Copy the data exactly. Images are to be left out.

═════ Provided data ═════

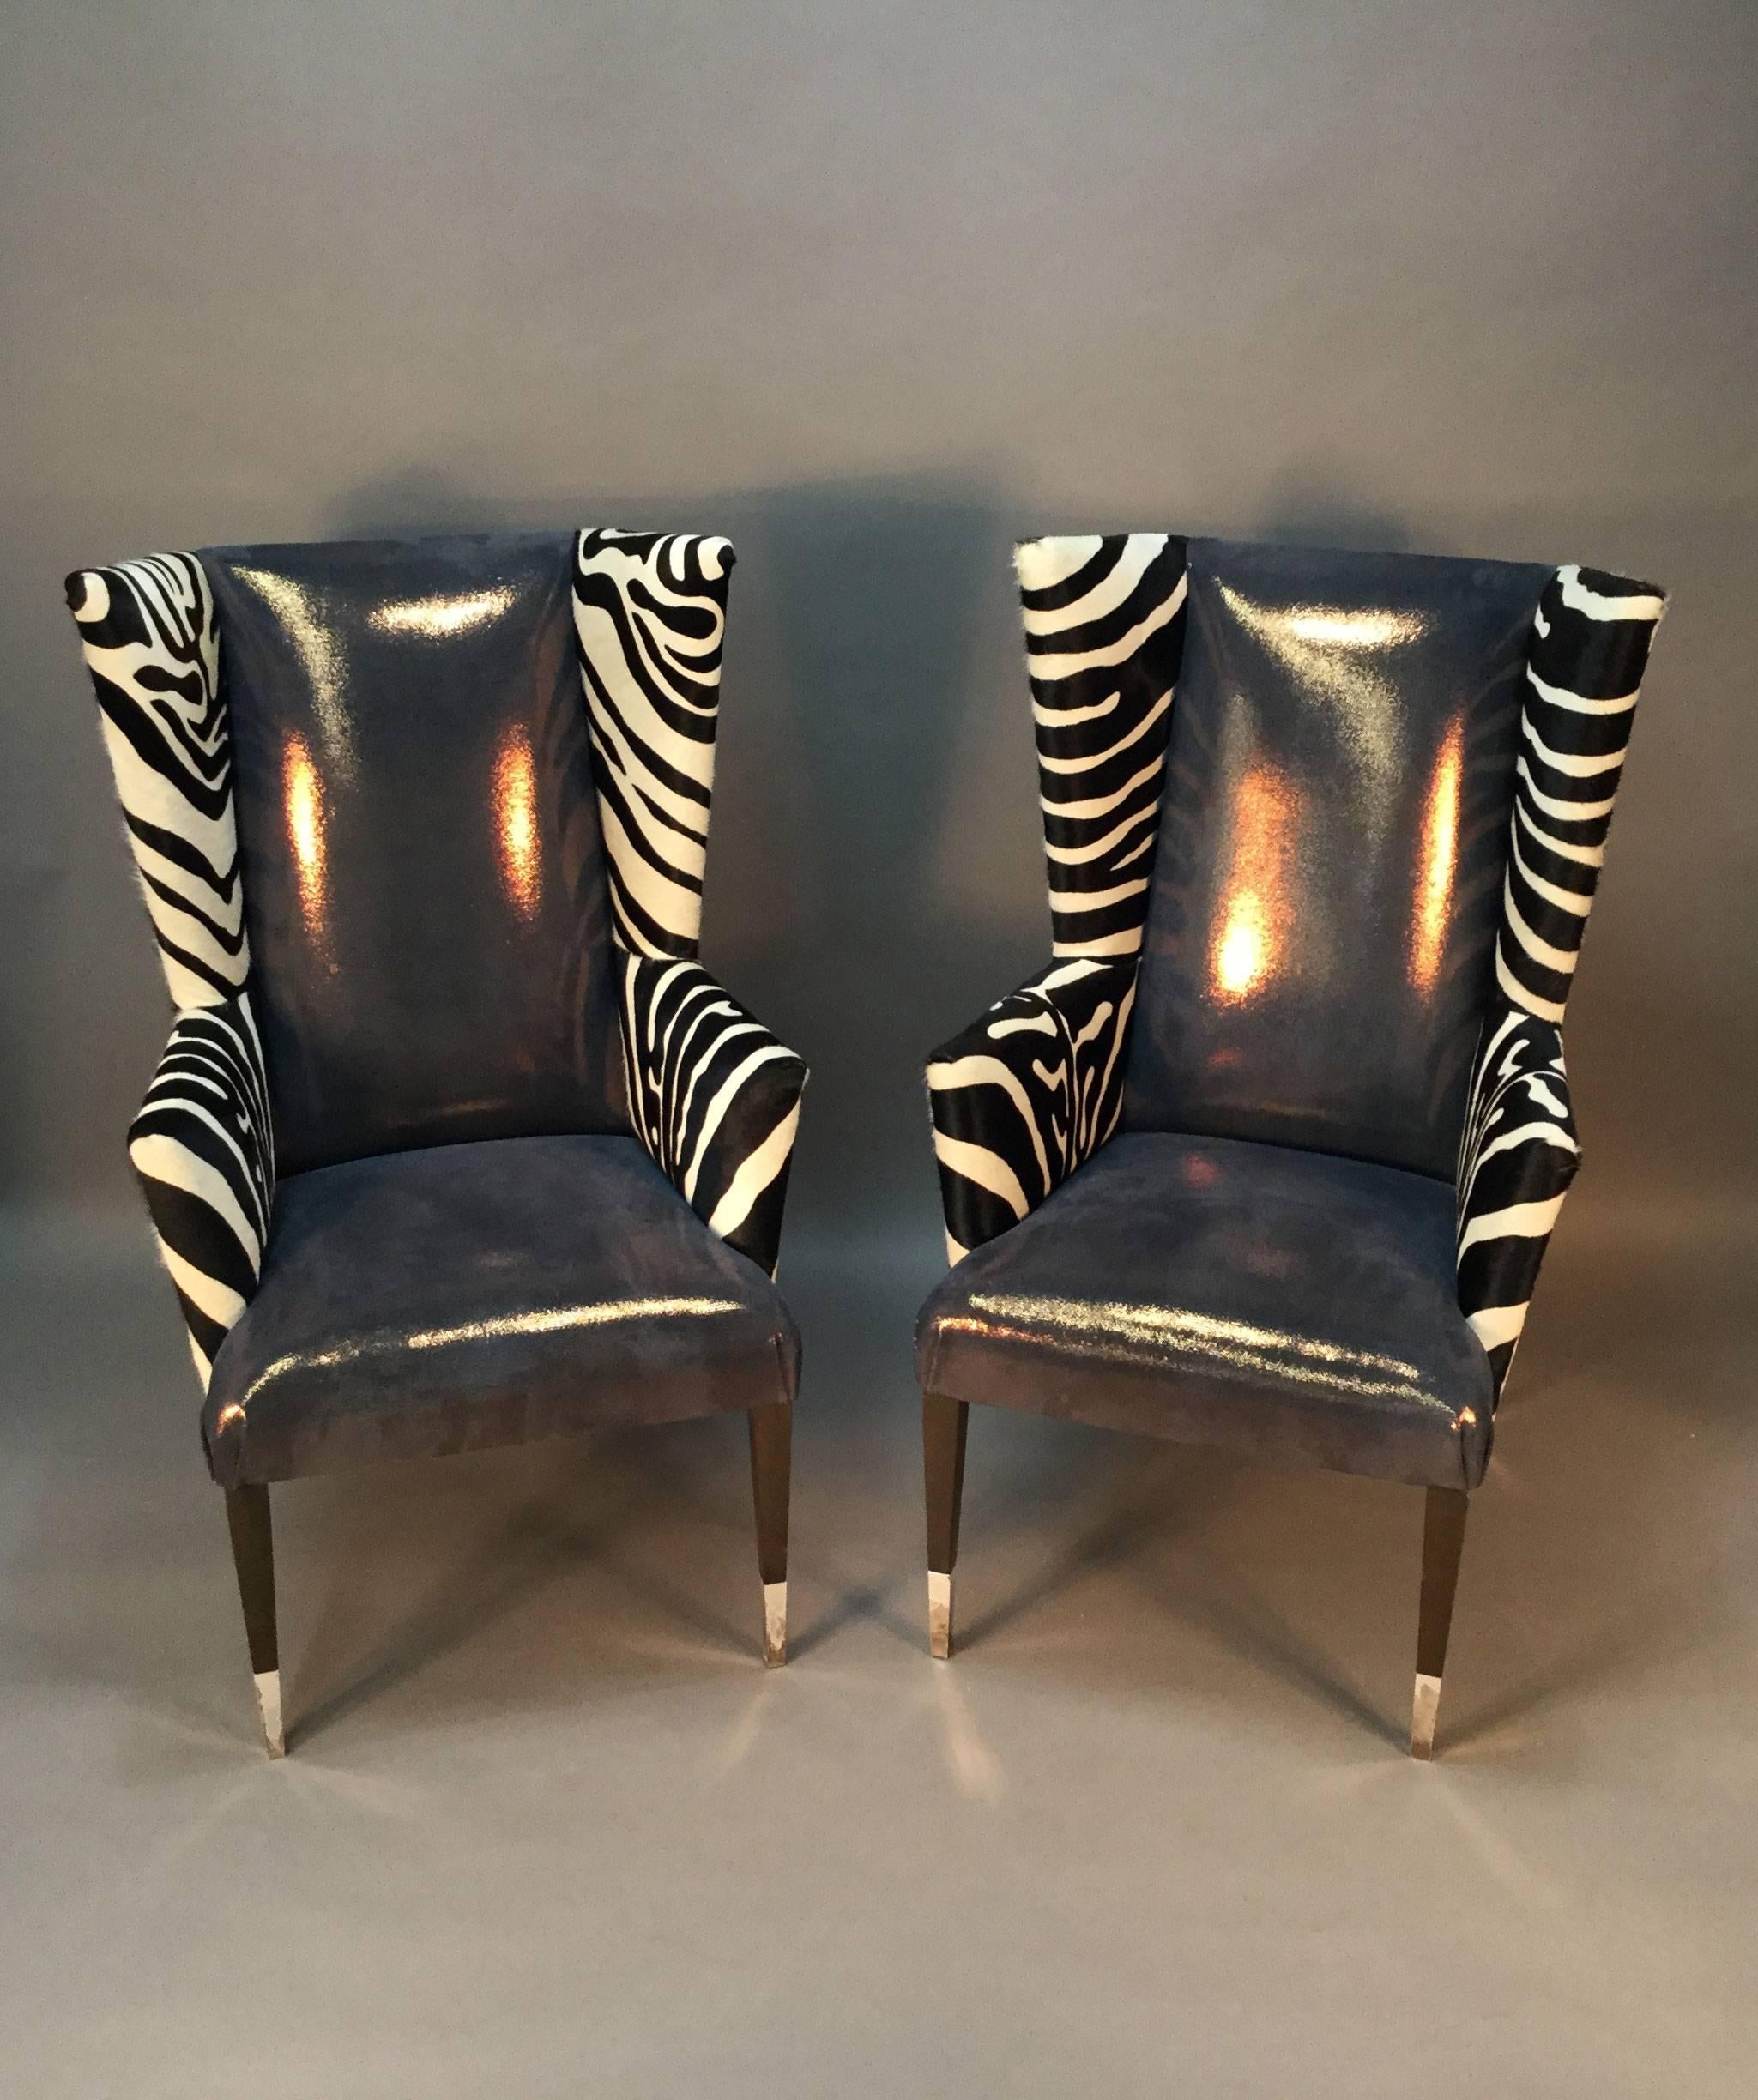 Late 20th Century Pair of Modern Wingback Chairs in Zebra Printed Cowhide and Faux Shagreen
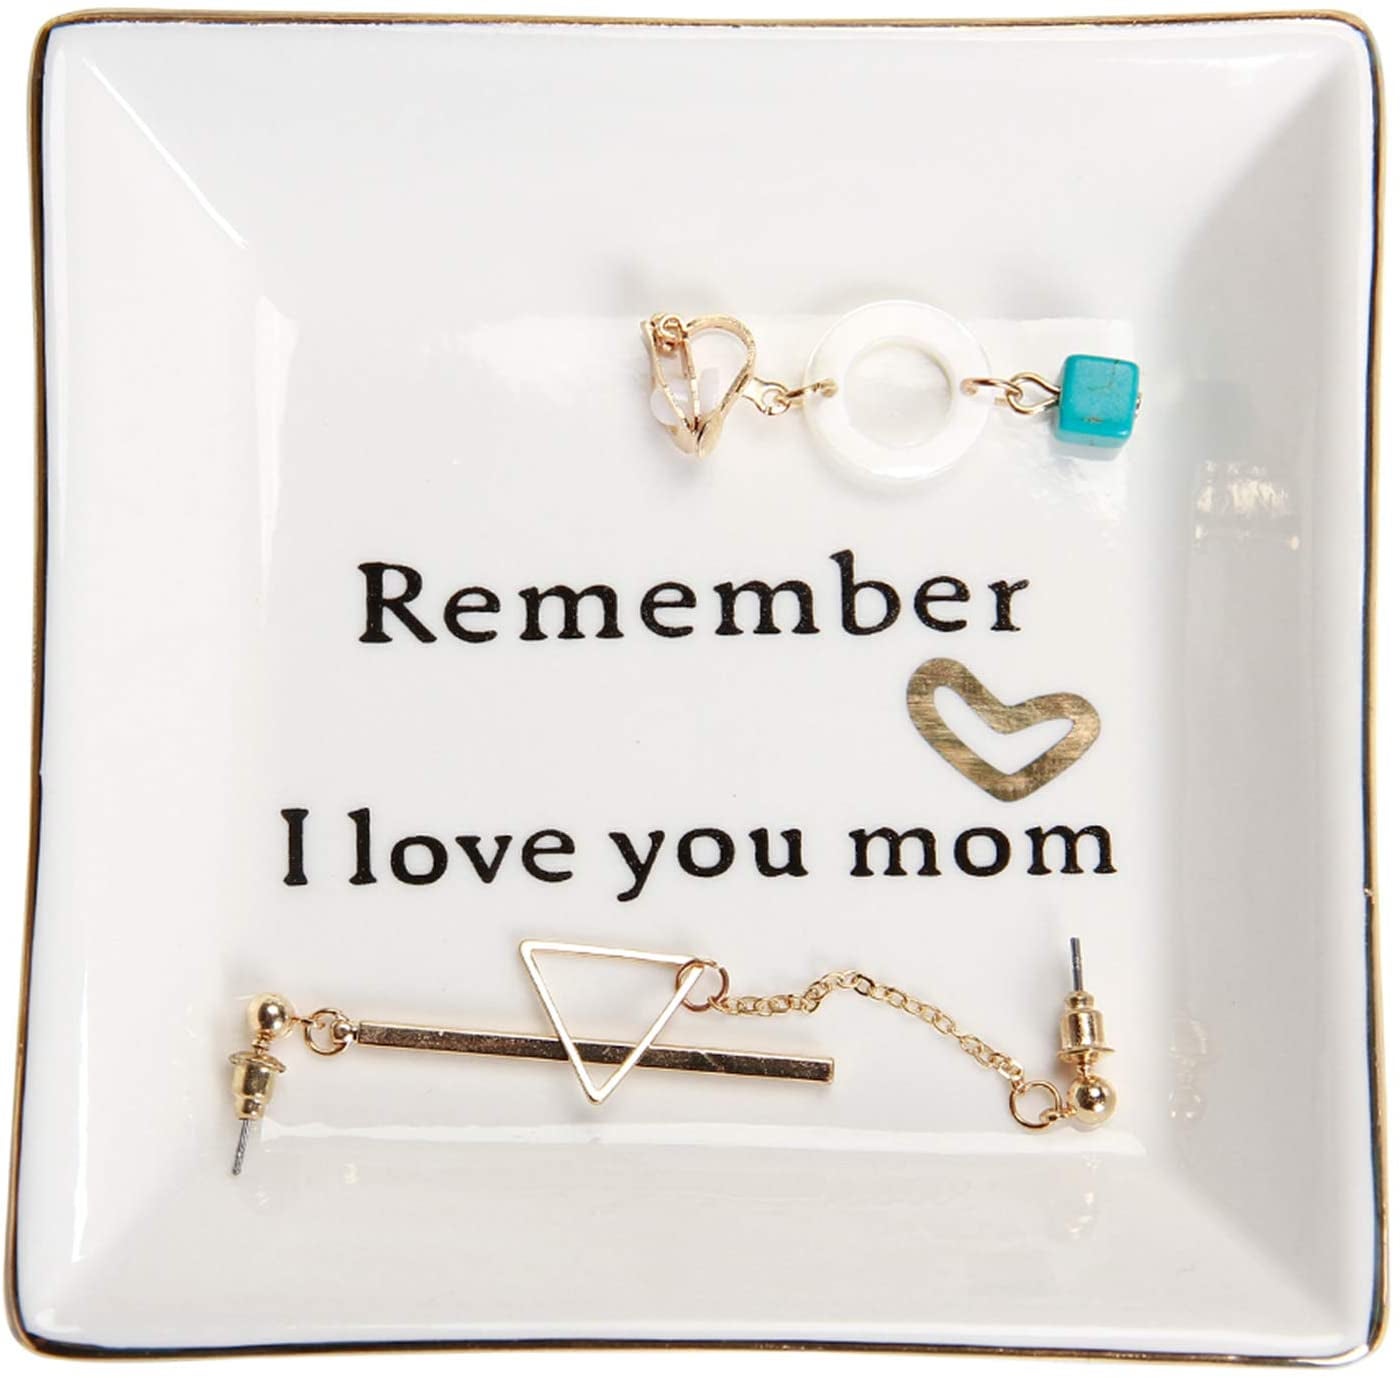 19 Sentimental Mother's Day Gift Ideas From Daughter
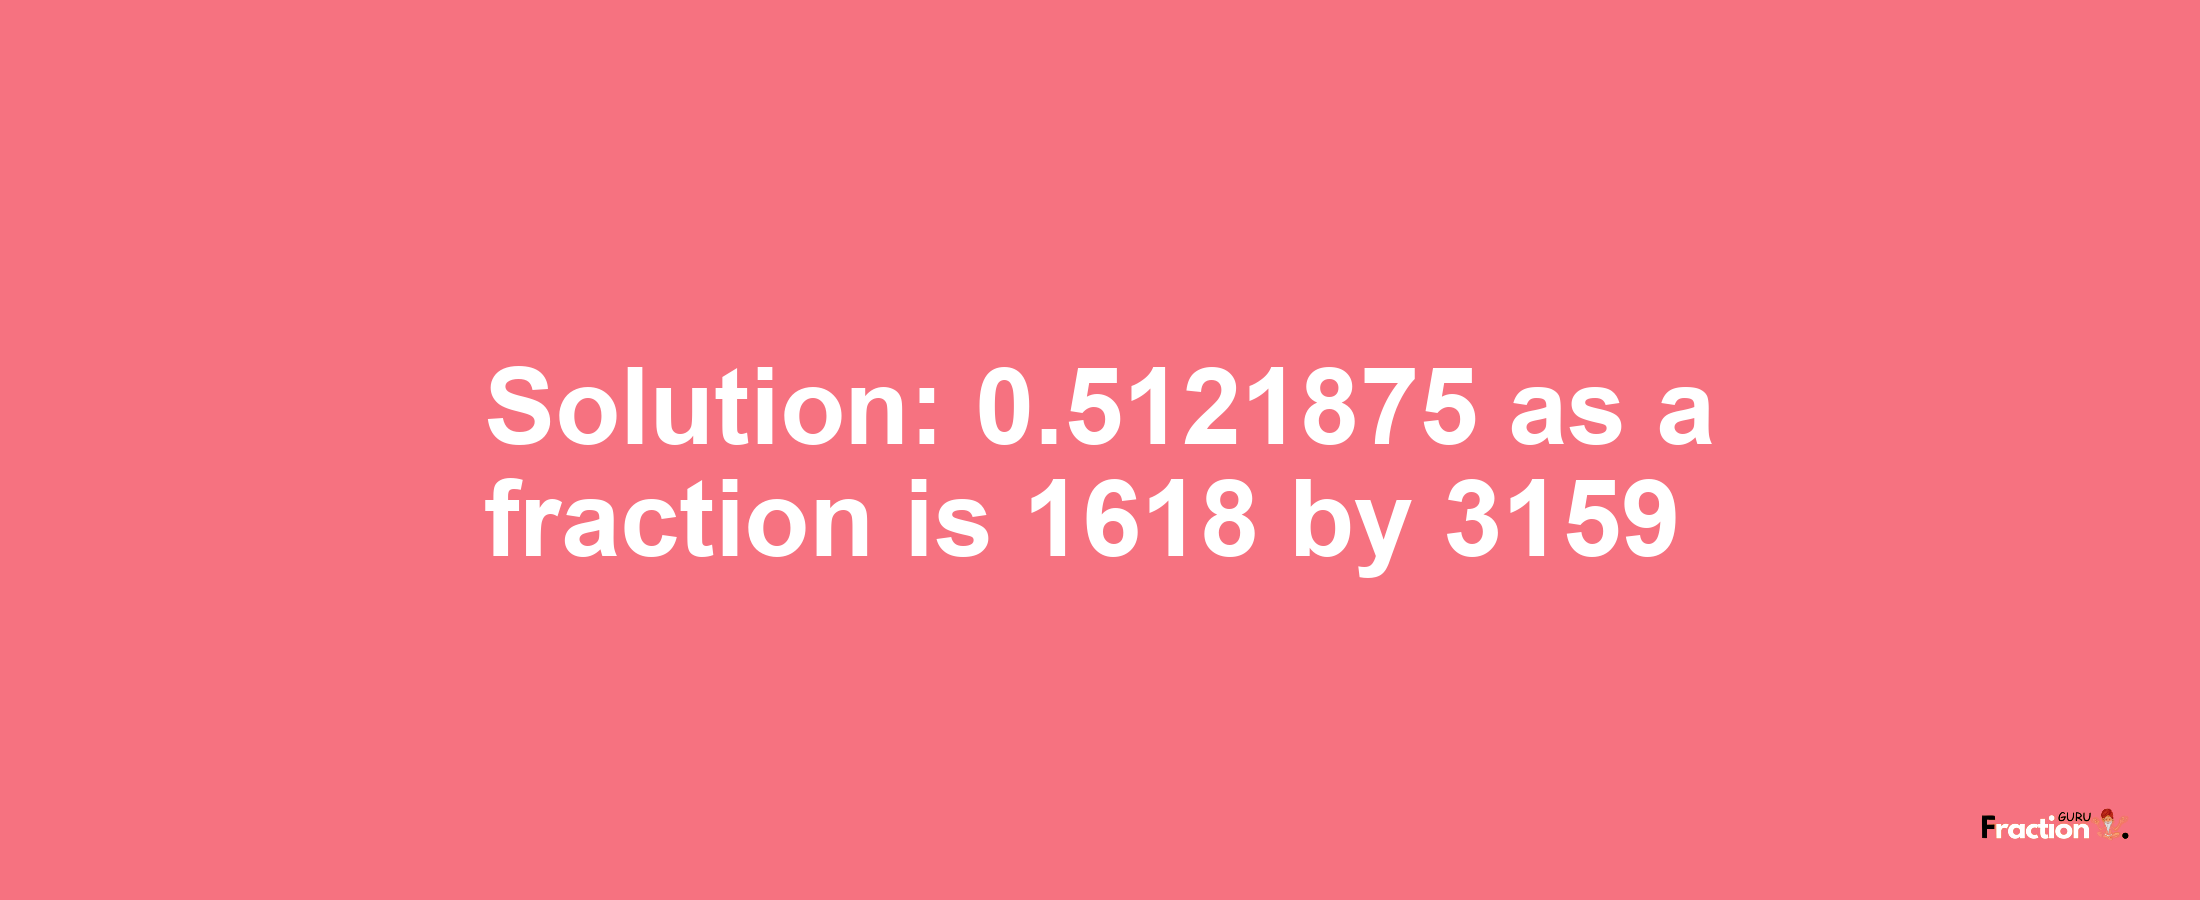 Solution:0.5121875 as a fraction is 1618/3159
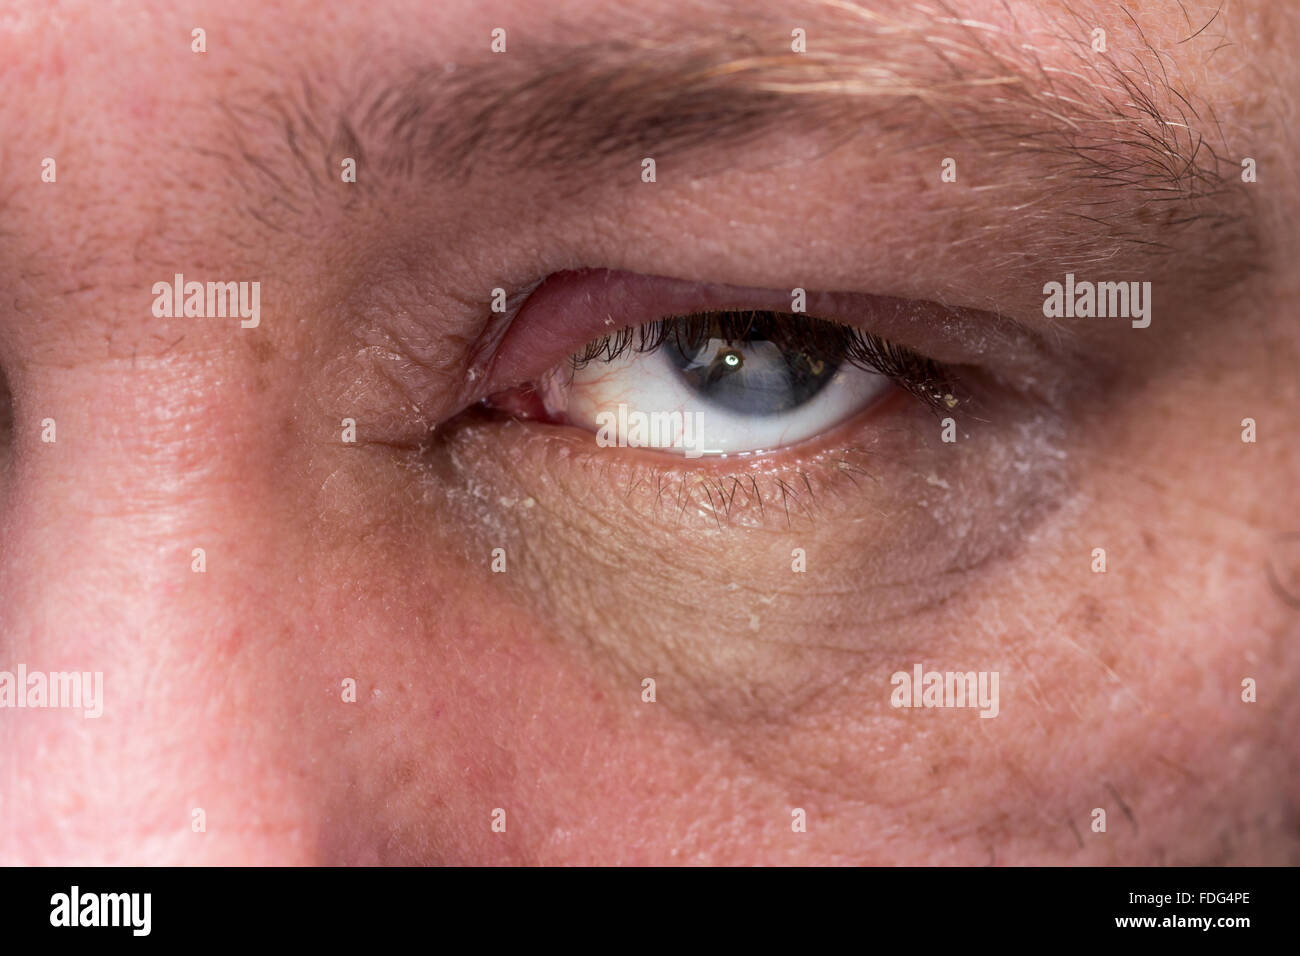 Close Up Of Eye Infection With Swollen Eyelid Stock Photo Alamy

═════

• _Answer to this task_
 Late 20th Century Pair of Modern Wingback Chairs in Zebra Printed Cowhide and Faux Shagreen
 19 Sentimental Mother's Day Gift Ideas From Daughter
 Solution:0.5121875 as a fraction is 1618/3159
 Close Up Of Eye Infection With Swollen Eyelid Stock Photo Alamy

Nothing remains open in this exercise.